# Data plane

The data plane runs entirely within the customer's cloud account on a Kubernetes cluster. It is where all computation occurs and where customer data is stored at rest (see [Data classification and residency](https://www.union.ai/docs/v2/union/security/architecture/data-protection/classification-and-residency)). In the self-managed model, the customer operates the data plane independently. In the BYOC model, Union.ai manages the Kubernetes cluster on the customer's behalf, but it still runs in the customer's cloud account. See [Deployment models](https://www.union.ai/docs/v2/union/security/architecture/data-plane/deployment-models) for the differences.

## Components

The data plane consists of several components, each handling a specific aspect of task execution and data management.

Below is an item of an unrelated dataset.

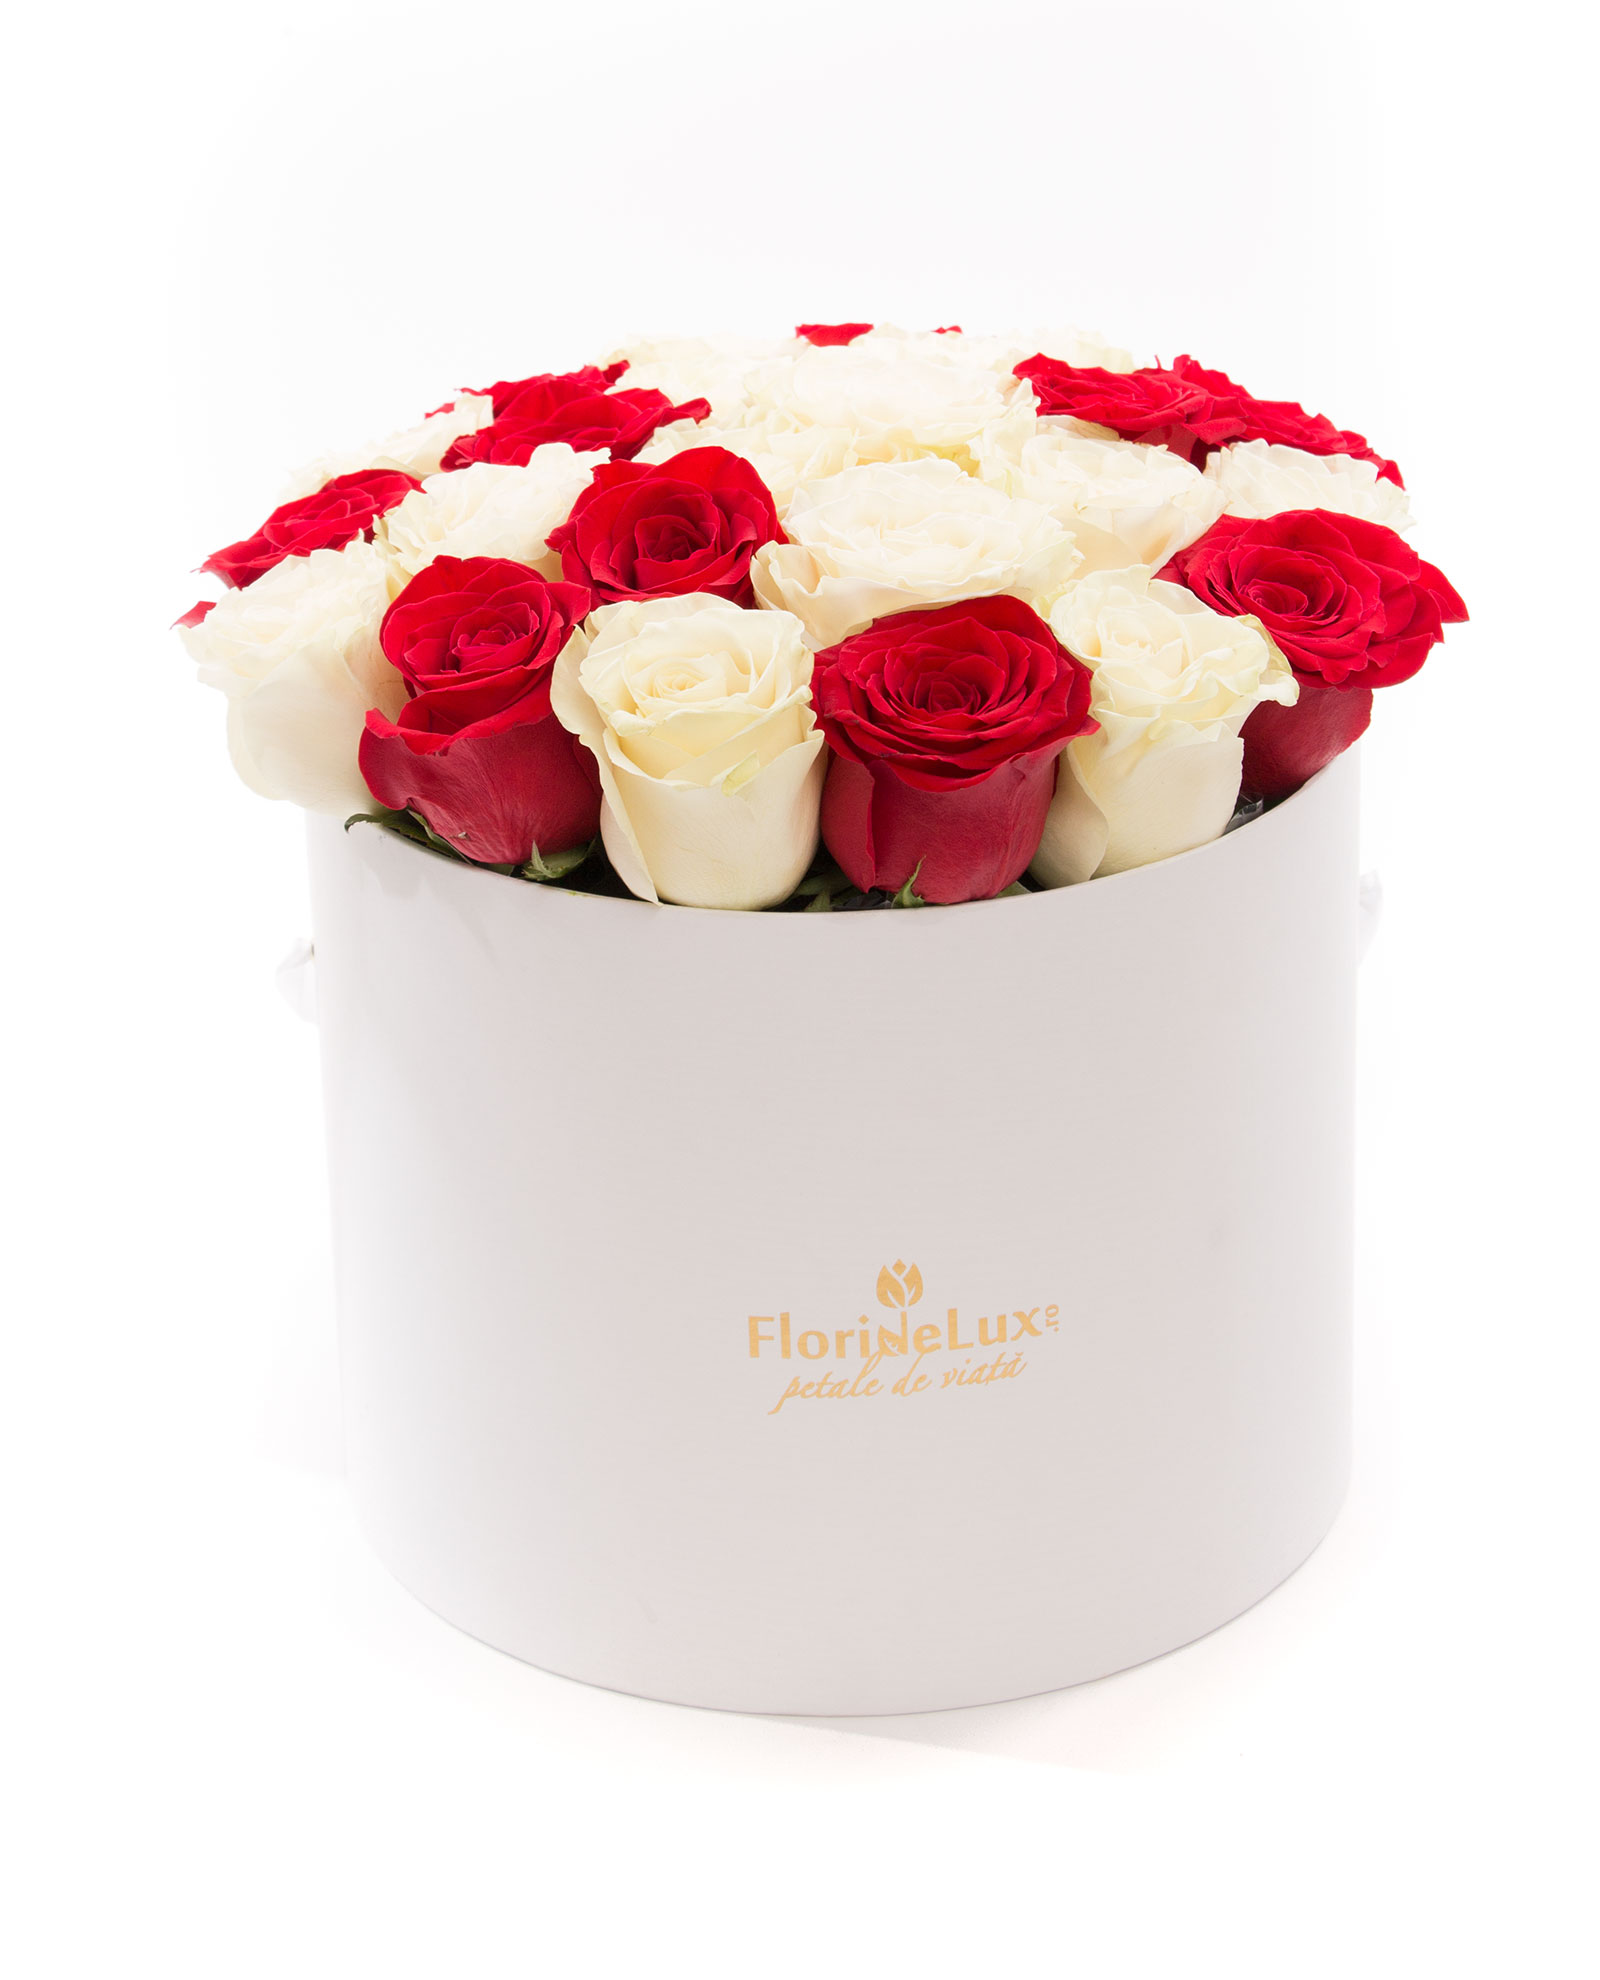 Cutie cu 23 trandafiri albi, rosii si vin Calem

**Executor** is a Kubernetes controller that watches for TaskAction custom resources created by the control plane. When a TaskAction appears, the Executor reconciles its lifecycle: creating task pods, monitoring their status, and reporting state transitions back to the control plane. If connectivity to the control plane is lost, in-flight pods continue running and state reconciles when the connection is restored.

**Object Store Service** handles data access operations on the customer's object store. It signs presigned URLs for bulk data (files, directories, DataFrames, code bundles, and reports) and serves object read/write operations used by the control plane for structured task I/O.

**Log Provider** serves task logs through two channels. For running tasks, it streams live logs from the Kubernetes API. For completed tasks, it retrieves logs from the cloud provider's log aggregator (CloudWatch, Cloud Logging, or Azure Monitor). There is no content filtering or redaction; any sensitive data (secrets, PII, stack traces) that applications write to stdout/stderr is included in the stream unmodified.

**Image Builder** uses Buildkit running on the customer's Kubernetes cluster to build container images from user-submitted `Image` specifications. Source code and built images never leave the customer's infrastructure. Base images are pulled from customer-configured registries, and built images are pushed to the customer's container registry (ECR, GCR, or ACR).

**Tunnel Service** maintains the outbound-only encrypted Cloudflare Tunnel from the data plane to the control plane. This service initiates the tunnel (no inbound ports required), performs health checks and heartbeats, and automatically reconnects if the connection drops.

In addition to the tunnel, the data plane operator establishes a separate outbound gRPC connection (TLS) to the regional control plane endpoint for orchestration RPCs (cluster registration, action lifecycle, event reporting, catalog and artifact lookups, admin RPCs). Both channels are outbound-initiated; see [Network architecture](https://www.union.ai/docs/v2/union/security/architecture/data-plane/network) for what each carries.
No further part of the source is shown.